Limestone votary of a bearded male with a wreath
An item at Metropolitan Museum of Art
This over-lifesize figure depicts a bearded man making an offering. He wears an ornate wreath of ivy leaves, flowers, and laurel sprays, and holds a libation bowl (phiale) in his right hand and a box and a small branch in his left. He wears a chiton and has a himation draped over his left shoulder—attire that in classical Greece would have been more appropriate for a woman, since men were usually represented in heroic or athletic nudity. The right forearm of the statue is modern.
Greek and Roman Art
An exhibit at Metropolitan Museum of Art
The Museum's collection of Greek and Roman art comprises more than thirty thousand works ranging in date from the Neolithic period (ca. 4500 B.C.) to the time of the Roman emperor Constantine's conversion to Christianity in A.D. 312. It includes the art of many cultures and is among the most comprehensive in North America.
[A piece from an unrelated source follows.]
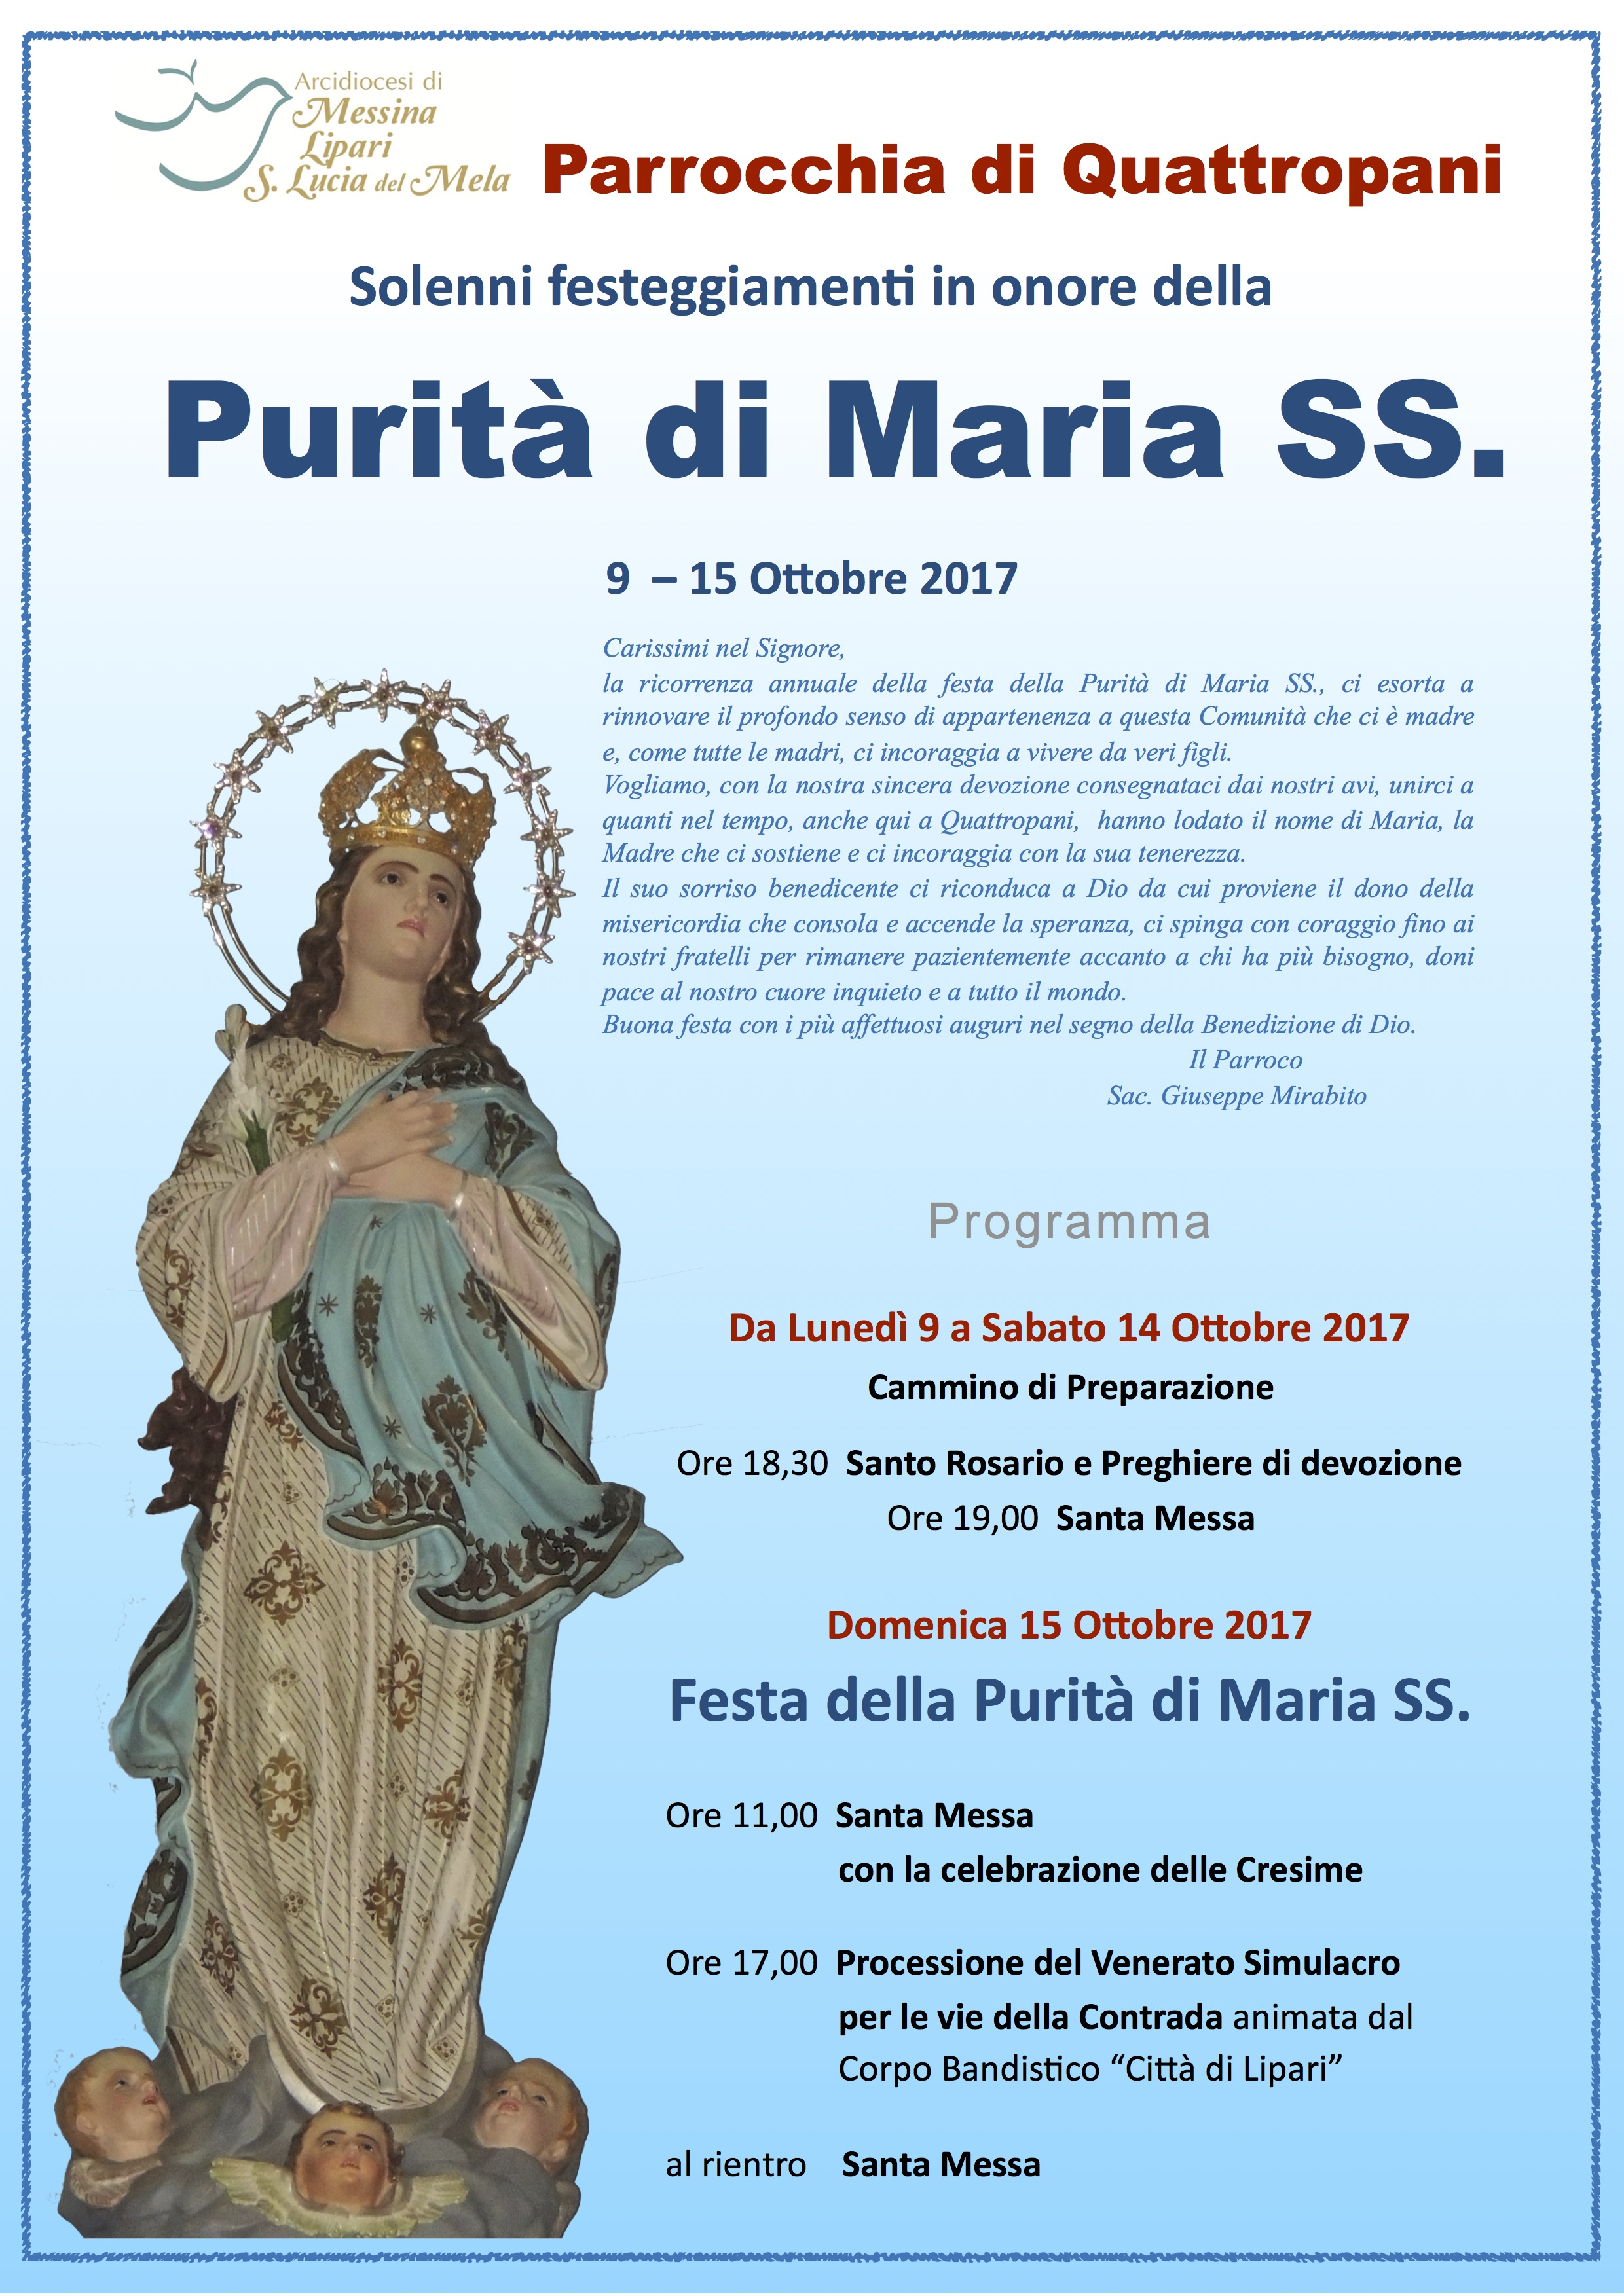 Purita 2017 (4)
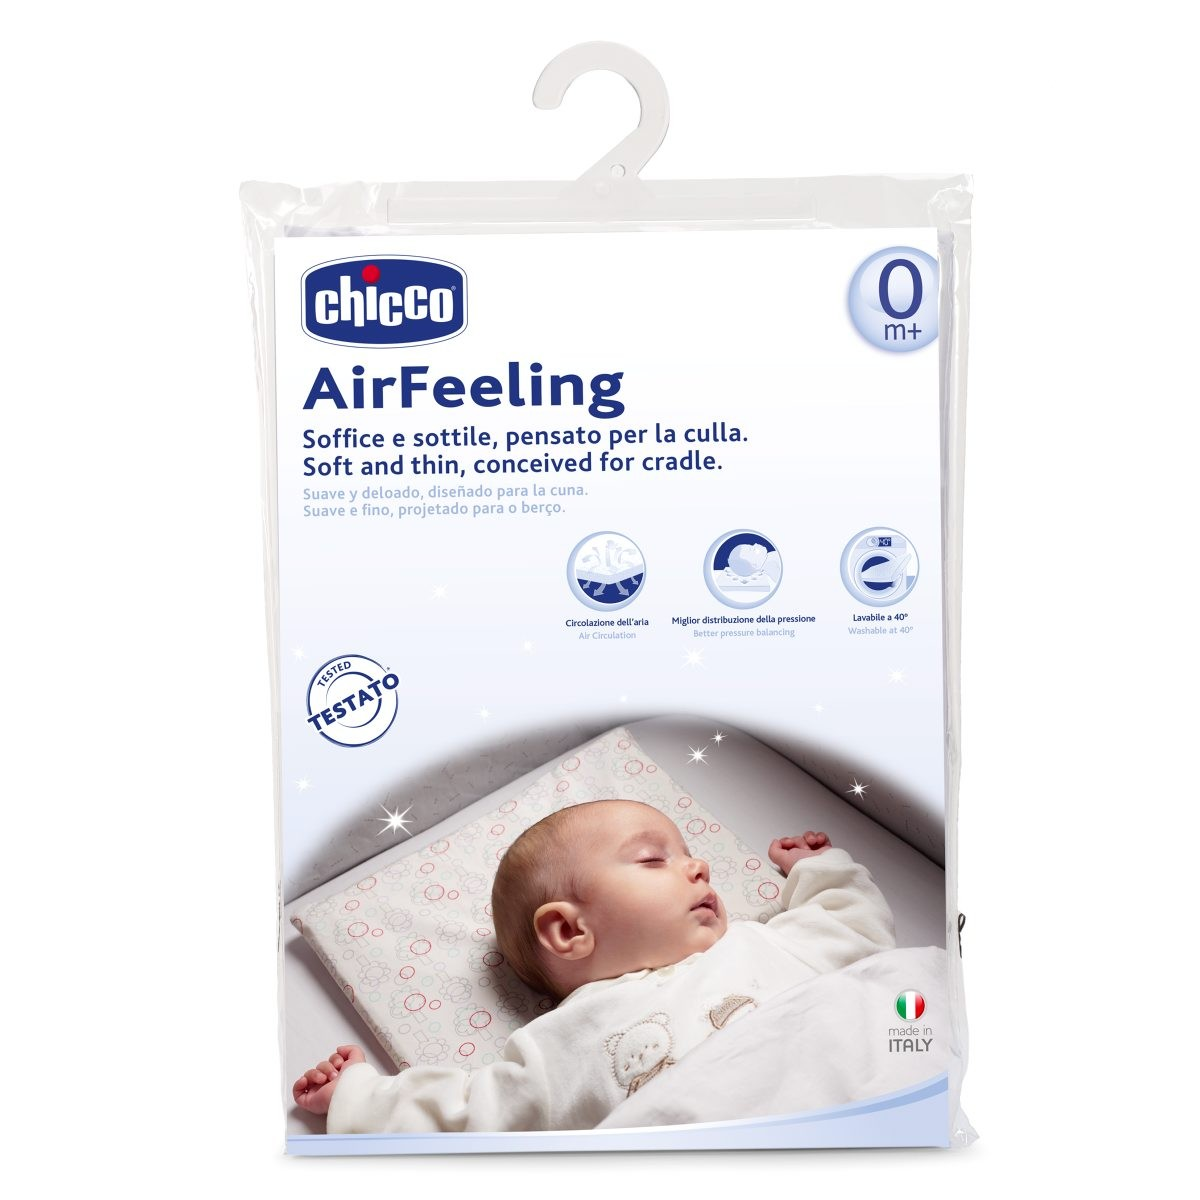 Image of Air Feeling Cuscino Per Culla Chicco®

The geographic regions represented are Greece and Italy, but not as delimited by modern political frontiers: Greek colonies were established around the Mediterranean basin and on the shores of the Black Sea, and Cyprus became increasingly Hellenized. For Roman art, the geographical limits coincide with the expansion of the Roman Empire. The department also exhibits the art of prehistoric Greece (Helladic, Cycladic, and Minoan) and pre-Roman art of Italic peoples, notably the Etruscans.